Hello,
I've tried upgrading one of my long running Xen-dom0 machines from Xen 4.11.3 to 4.12.1. It's been working fine for several days, but after that one of the domUs failed the monitoring checks and it was impossible to access it via ssh. From the monitoring it's visible that the load just starts to grow linearly (the memory consumption grows too as new monitoring processes are spawned and don't finish) and the machine is simply stuck. It happened 3 times during the last 3 weeks.

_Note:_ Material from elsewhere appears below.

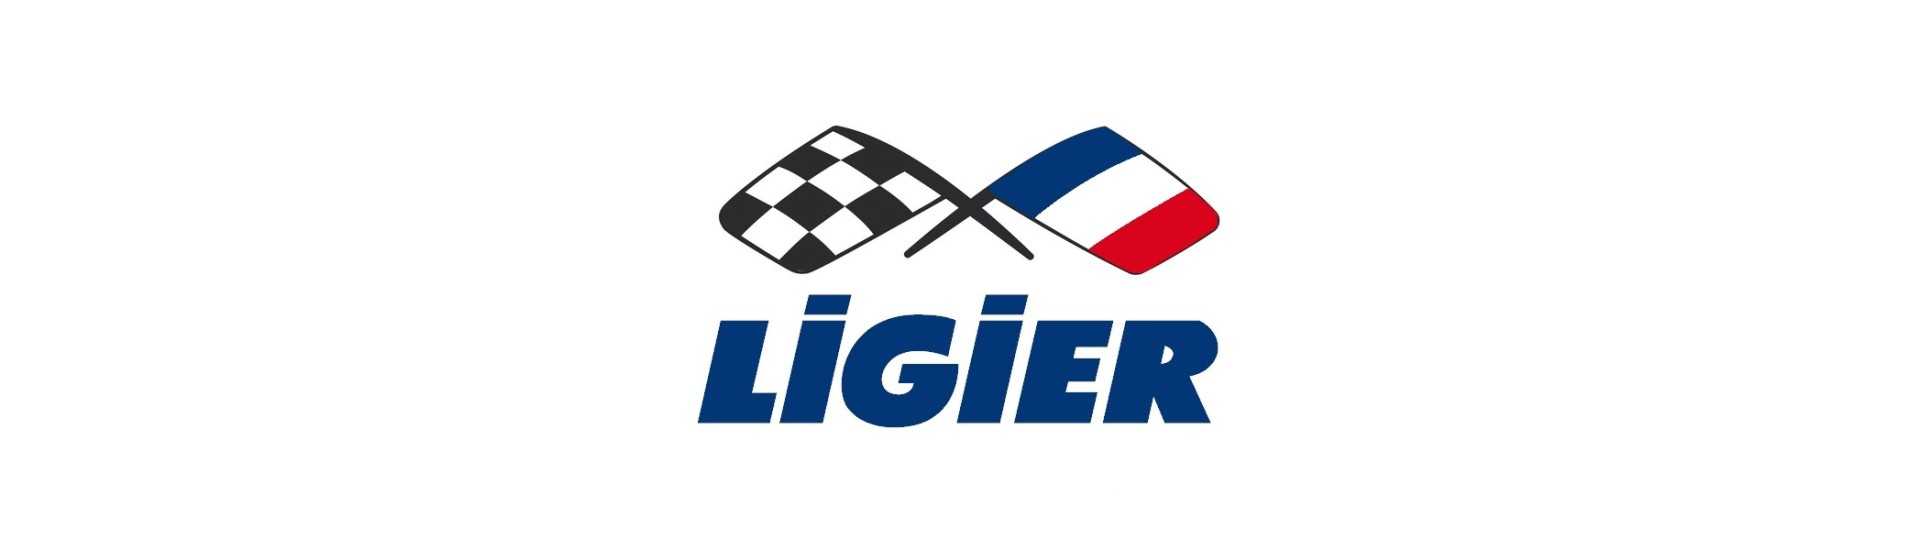 Otsikko parhaaseen hintaan autolle ilman ajokorttia Ligier

The Dom0 is working fine, just one of the domUs is stuck (always the same domU is stuck).
Xen got upgraded 19.12.2019, the first lockup happened 26.12.2019, then 28.12.2019 and 5.1.2020.
The domU kernel log is full of these messages:
Jan 5 13:19:20 kernel: [680493.141103] INFO: rcu_sched detected stalls on CPUs/tasks:
Jan 5 13:19:20 kernel: [680493.141107] (detected by 12, t=147012 jiffies, g=72555998, c=72555997, q=89937)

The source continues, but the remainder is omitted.